Based on the comprehensive analysis, the mean digital literacy score for the urban population (0.477) is higher than that of the rural population (0.338). The t-test results indicate a t-statistic of 4.263 and a p-value much less than 0.05, demonstrating that the difference in digital literacy between urban and rural populations is statistically significant. This implies that the digital information literacy of the urban population is significantly higher than that of the rural population.
Discussion
Based on the results of the feature importance analysis, this study identified four dimensions that can predict the digital information literacy levels of the elderly: demographic factors, relational support factors, personal technology usage ability factors, and social digital environment factors. These dimensions are of great value in predicting the factors influencing digital information literacy among the elderly. This study was conducted to predict the digital information literacy of older adults in the current context, as many elderlies are keeping pace with technological developments amidst the acceleration of digital transformation.

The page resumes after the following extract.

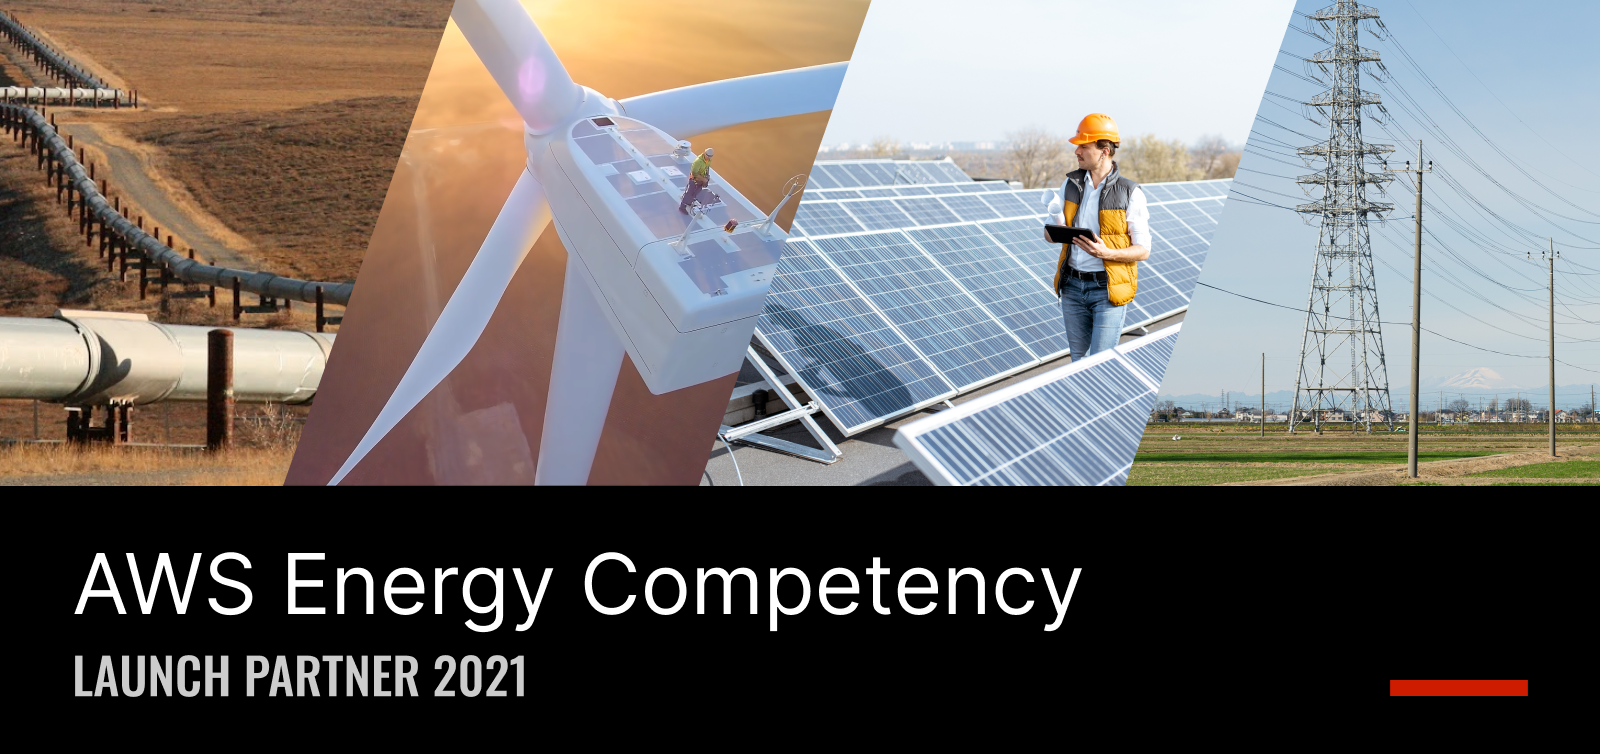 Featured image: Unleash live AWS Energy Competency announcement  - Read full post: AWS Announces Unleash live as Energy Competency Launch Partner

In particular, this study utilizes public data and machine learning, which have not been commonly used in previous digital information literacy research, to establish a predictive model of digital information literacy and perform related analyses. In this study, 15 variables that are significant in predicting digital information literacy among older adults were derived, which can be categorized into (1) demographic perspectives (ADQ1, ADQ9, ADQ3, ADQ4), (2) relational support perspective (Q15A2, Q15A6), (3) personal technology usage ability perspective (Q5A6, Q5A7, Q5A1, Q4A5, Q5A4), and (4) social digital environment perspective (Q21CB4, Q21CA3, Q21CC4, Q21CA4). The importance of these four perspectives for predicting the digital information literacy of the elderly will be discussed in the following text.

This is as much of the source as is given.